From: Mina Almasry <almasrymina@google.com>
To: Mike Kravetz <mike.kravetz@oracle.com>
Cc: Axel Rasmussen <axelrasmussen@google.com>,
Peter Xu <peterx@redhat.com>, Linux-MM <linux-mm@kvack.org>,
Andrew Morton <akpm@linux-foundation.org>,
open list <linux-kernel@vger.kernel.org>
Subject: Re: [PATCH] mm, hugetlb: fix resv_huge_pages underflow on UFFDIO_COPY
Date: Thu, 20 May 2021 13:31:48 -0700 [thread overview]
Message-ID: <CAHS8izOHs0ZYR-0FCsDS6nxYbnNfYJFzWKGwB_utBJ_9bswjkA@mail.gmail.com> (raw)
In-Reply-To: <61c78897-27a2-768b-f4fe-04e24b617ab6@oracle.com>
[-- Attachment #1: Type: text/plain, Size: 3317 bytes --]
On Thu, May 20, 2021 at 1:00 PM Mike Kravetz <mike.kravetz@oracle.com> wrote:
>
> On 5/20/21 12:21 PM, Mina Almasry wrote:
> > On Thu, May 20, 2021 at 12:18 PM Mina Almasry <almasrymina@google.com> wrote:
> >>
> >> On Thu, May 13, 2021 at 5:14 PM Mike Kravetz <mike.kravetz@oracle.com> wrote:
> >>>
> >>> How about this approach?
> >>> - Keep the check for hugetlbfs_pagecache_present in hugetlb_mcopy_atomic_pte
> >>> that you added. That will catch the race where the page was added to
> >>> the cache before entering the routine.

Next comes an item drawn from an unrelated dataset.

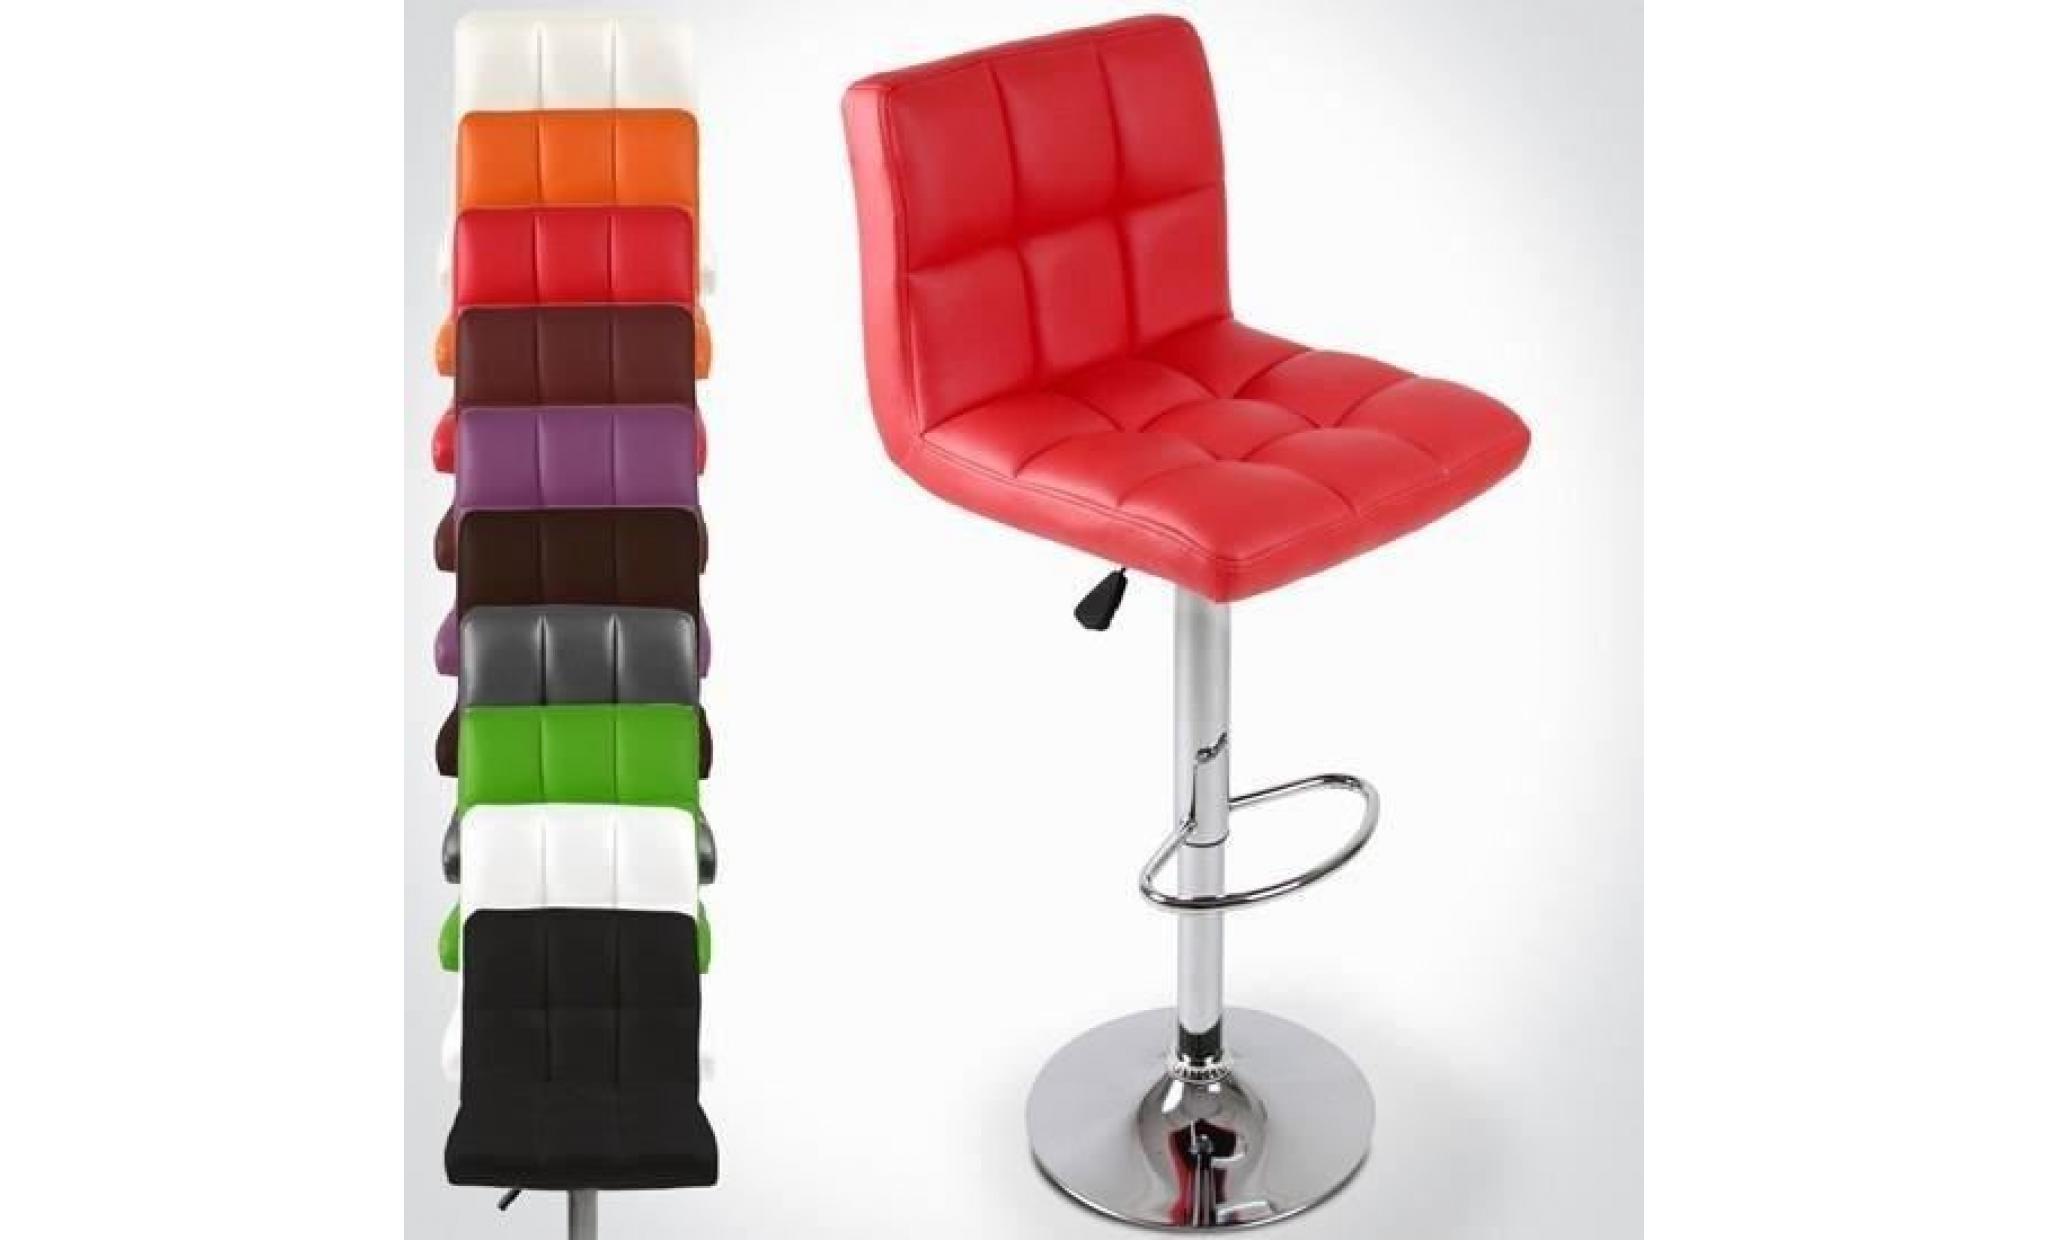 pe tabouret chaise de bar lot de 2 en simili cuir et métal réglable en hauteur rotatif rouge，tabouret de siège pas cher

> >>> - With the above check in place, we only need to worry about the case
> >>> where copy_huge_page_from_user fails and we must drop locks. In this
> >>> case we:
> >>> - Free the page previously allocated.
> >>> - Allocate a 'temporary' huge page without consuming reserves. I'm
> >>> thinking of something similar to page migration.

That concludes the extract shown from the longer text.